Banach空间的U凸系数
2020-11-30王静崔云安
王静 崔云安
摘 要:空间几何常数是空间几何性质的量化,从几何性质的研究到几何常数的计算是从定性到定量的推进。首先引入了一个新的几何常数U凸系数,并研究了它与一致非方和正规结构等几何性质之间的关系,并且通过研究它与常数R(X)的关系,得到Banach空间X弱接近一致光滑,且具有不动点性质。其次利用它与弱正交系数之间的关系给出了Banach空间具有正规结构的充分条件。最后给出了U凸模在lp序列空间的计算。
关键词:U凸系数;Banach空间;一致非方;正规结构;弱正交系数;Garcia-Falset系数;不动点性质
DOI:10.15938/j.jhust.2020.05.022
中图分类号: O177. 3
文献标志码: A
文章编号: 1007-2683(2020)05-0158-06
Abstract:The spatial geometric constant is the quantification of the geometrical properties of space. From the study of geometric properties to the calculation of geometric constants from qualitative to quantitative advancement. Firstly, this paper introduces a new geometric constant U-convex coefficient. Studying its relationship with geometric properties such as uniform non-square and regular structures and by studying its relationship with constants, the Banach space is weakly close to uniform smooth and has fixed point properties. Secondly, Using the relationship between it and weak orthogonal coefficients gives a sufficient condition for Banach spaces to have a regular structure. Finally, the calculation of the convex model in the sequence space is given.

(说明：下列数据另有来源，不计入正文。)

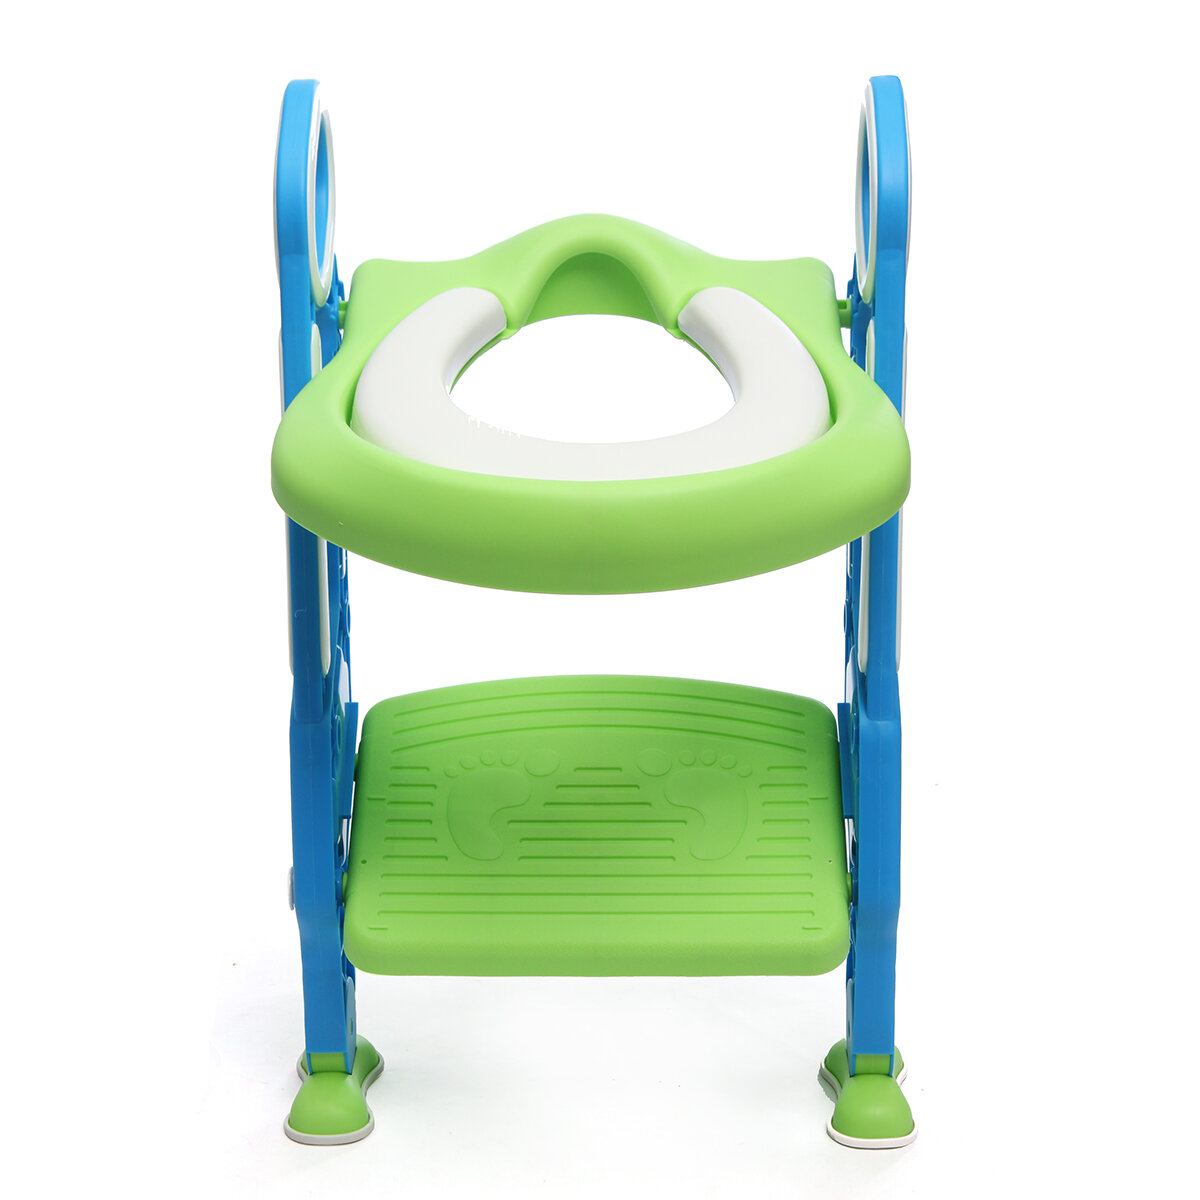 Kinderzindelijkheidstrainingstoilet Soft Padladder Potje-zitje Stoel Opstapje Veiligheidstoilet Trainer voor kinderen

Keywords:U-convex coefficient; Banach space; uniform nonsquare; normal structure; weak orthogonal coefficient; Garcia-Falset coefficient; fixed point properties
0 引 言
1978年Lau ka-sing 在研究Banach空间的切比雪夫集的过程中引入了U性质[1]。此后,Lau ka-sing与Gao Jin 在1991年引入了U空间的概念[2],并刻画了U空间所具有的性质,如U空间是一致非方的,进而也是超自反的,一致凸空间和一致光滑空间是U空间,等等[3-5]。为了更好地刻画U空间的概念,1995年,Gao[6]引入了U凸模的概念。几何常数是研究几何结构的一个重要工具,空间几何常数是空间几何性质的量化,从几何性质的研究到几何常数的计算是从定性到定量的推进。因此探索几何结构和几何常数之间的联系,一直是大家关注的热点问题。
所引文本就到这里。